A Clumsy Volley

HIGH The match dynamics.

LOW Trick shots.

WTF That live action dub.

The arcade sports genre has been in decline since Super Mario Strikers — or if I’m being churlish, SEGA Soccer Slam. Simplicity seems hard to apply as games have got bigger. Sports devs have focused on simulation or split off into indie projects — ‘Boomshakalaka’ seems hard to find now.

Enter Street Power Football — a joint by SFL Interactive and Gamajun, based on the real-life sport of Street (freestyle) football. “Soccer”, to you Americans.

SPF is played mainly in third person and offers a variety of different disciplines – a QTE-based dance mode, a Trick Shot mode that plays like billiards, a Panna Cage battle mode that’s about controlling the ball and scoring points through goals and QTE-offs, Elimination mode where there’s ten seconds to score a goal, and finally, more traditional 2 vs 2 or 3 vs 3 matches.

Most of this is introduced through the single-player campaign under the premise that they’re is a brand-new street-level player who’s come under the guidance of one of the sport’s superstars. Players begin and then are required to move through different cities while proving themselves in each discipline. The mechanics are introduced gradually through tutorializing pass-then-shoot moves, supers (yes there are specials), and things like curve shots.

The campaign made me think about new strategies by introducing challenges – use specials, use trigger super shots, and so on — to complete alongside the main objectives. Unfortunately, like a chain, SPF is only as strong as its weakest discipline.

The Trick Shot mode (where the player is required to hit soccer balls at targets in a 3D environment) is fiddly and hard to predict, and the camera options it offers to aid these shots are less helpful than the standard camera angle. Worse, early challenges require the player to curve shots at targets, but the curve shot is a microcosm of the mode’s awkward, unpredictable controls with results that are wildly varied when shot from almost identical angles.

The rest of Street Power Football is incredibly entertaining, and it’s clear that a lot of care put into the animations. A personal favorite is when a player has a clear shot on goal and no one near them to stop them — the character will get down into a plank and push the ball in with the side of their head.

Less fulfilling is the local multiplayer. There are a number of one-off events that can be played cooperatively or competitively. They’re good diversions the first few times, but the 2 vs 2 and 3 vs 3 are begging for a tournament or league mode that would give the content more legs — it’s a glaring omission filled by pretty much every sports game that’s come before. On top of this, the camera isn’t suited for handling extra players and often fails to properly show the action for all involved.

Street Power Football is a good start at recreating an arcadey style of sports that hasn’t been common for a while, but this package needs further polish and a little more depth.  

Rating: 6.5 out of 10

Disclosures: This game is developed by SFL Interactive and published by Maximum Games.

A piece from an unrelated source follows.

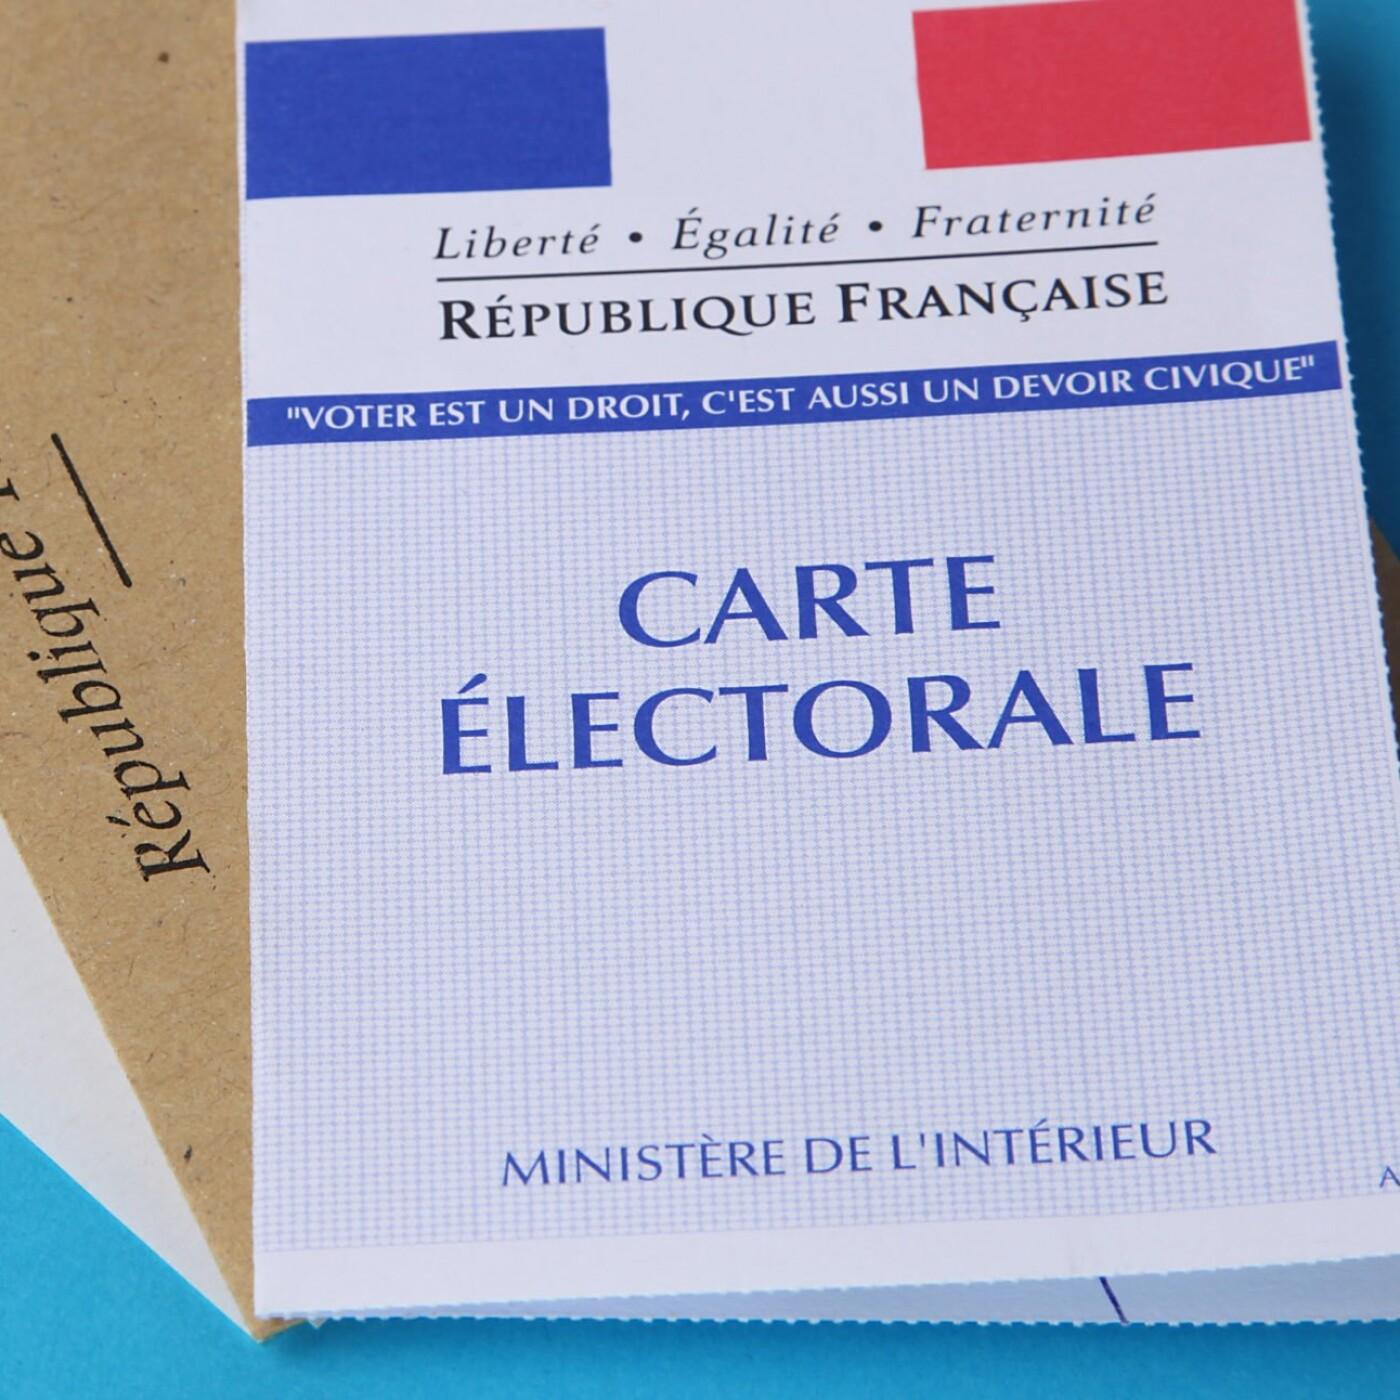 LES DOSSIERS DE PAUL Comment s'inscrire sur les listes électorales quand on est expat - 17 09 2021 - StereoChic Radio
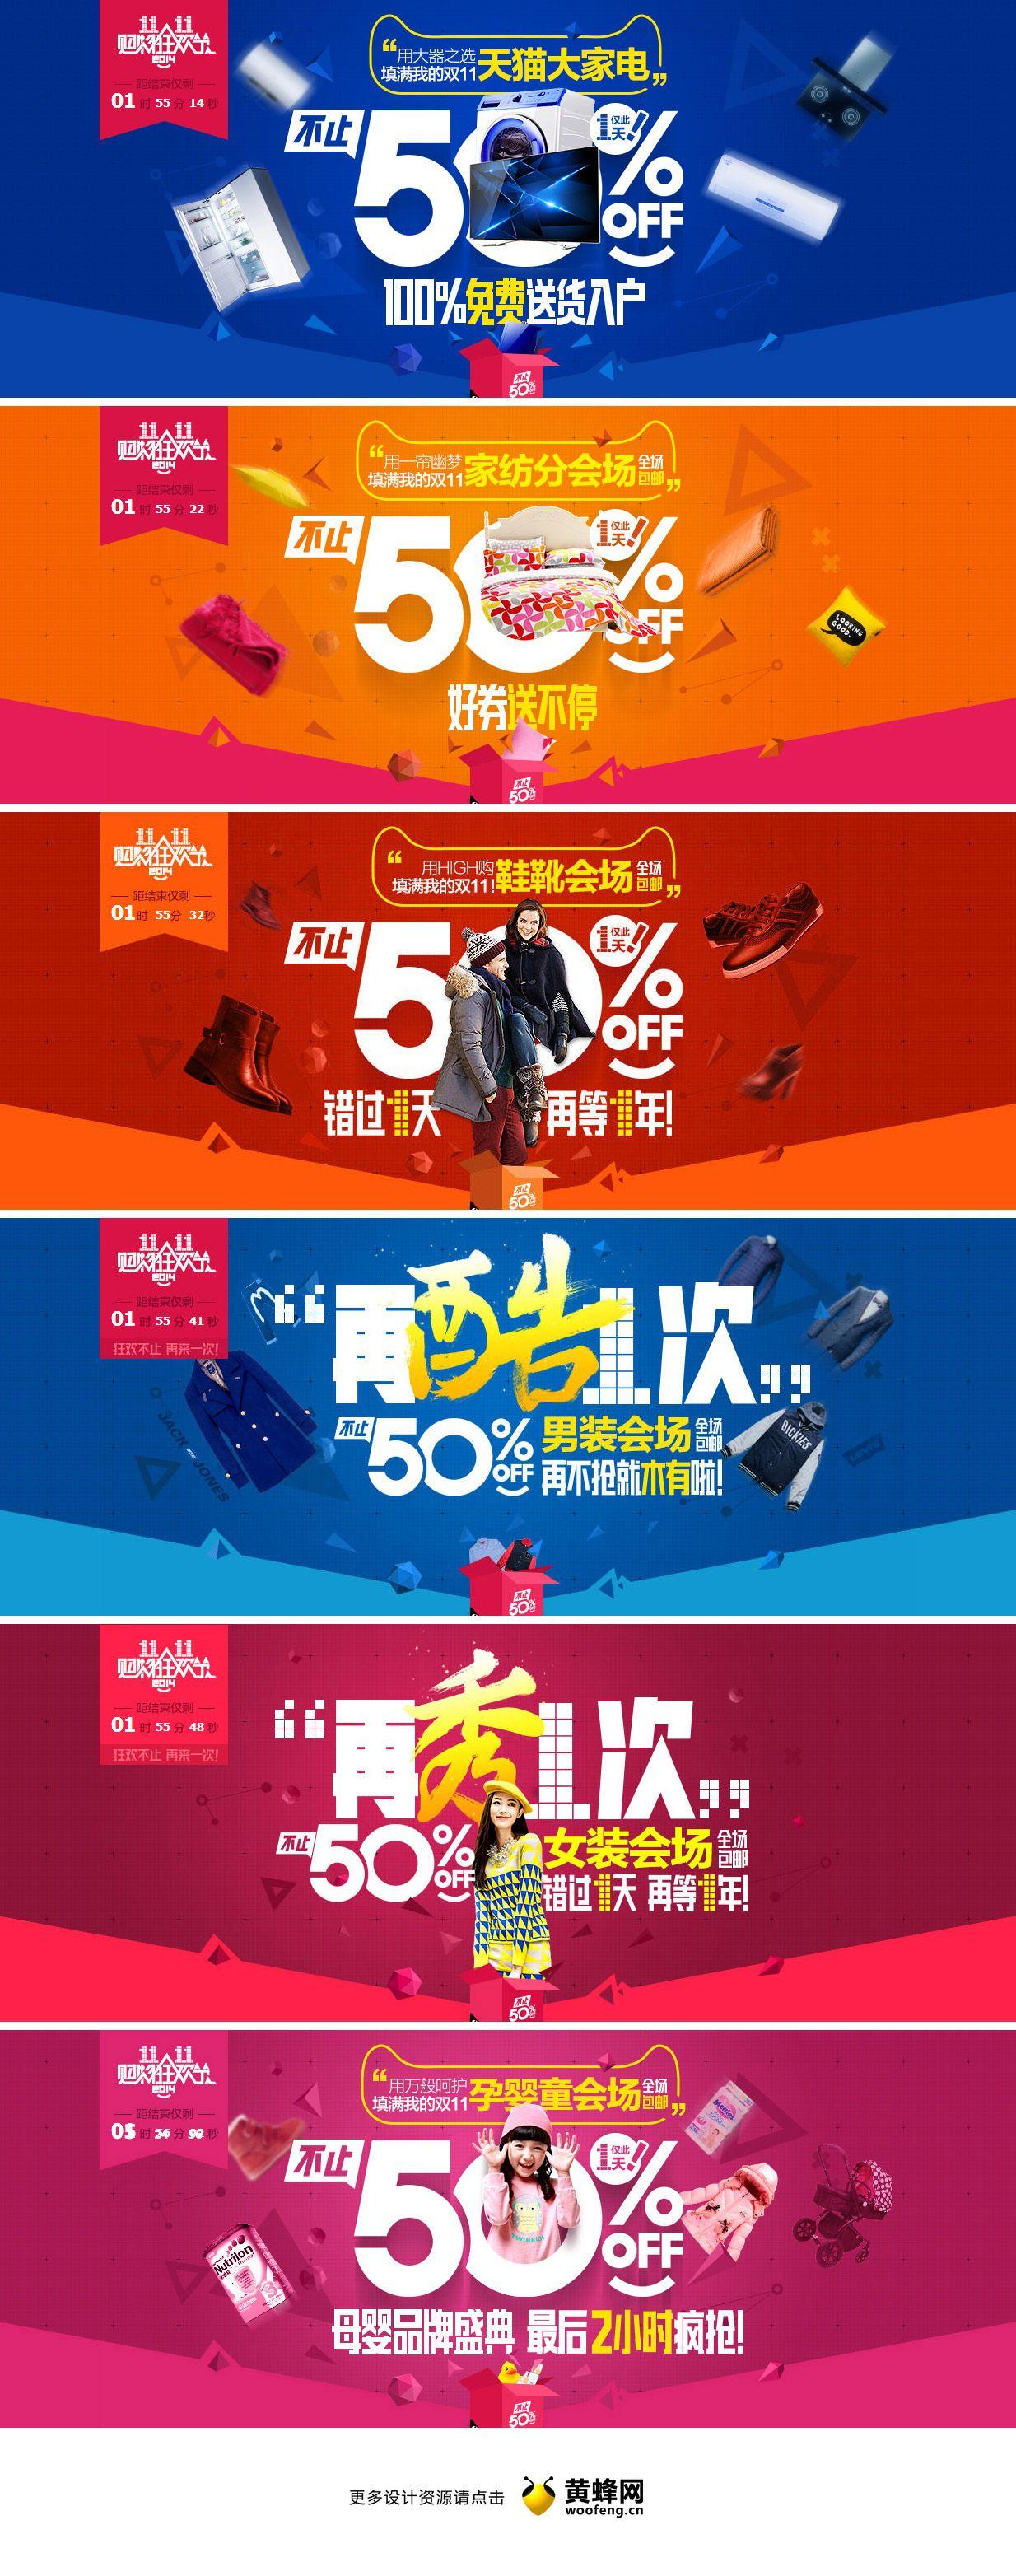 天猫2014双11各会场头图banner设计   05   Pinterest   Banners, Web ...

It is currently available on PS4, Switch, PC and XBO. This copy of the game was obtained via publisher and reviewed on the XBO-X. Approximately 7 hours of play were devoted to the single-player mode, and the game was completed3 hours of play were spent in multiplayer modes.

Parents: According to the ESRB, this game is rated E and contains Users Interact and In-Game Purchases. This is about football and only about football — there’s nothing worrying here.

Colorblind Modes: There are no colorblind modes available in the options.

Deaf & Hard of Hearing Gamers: The game is fully playable without sound. The text cannot be resized, nor can the color be changed.

Remappable Controls: No, this game’s controls are not remappable, including the Y axis.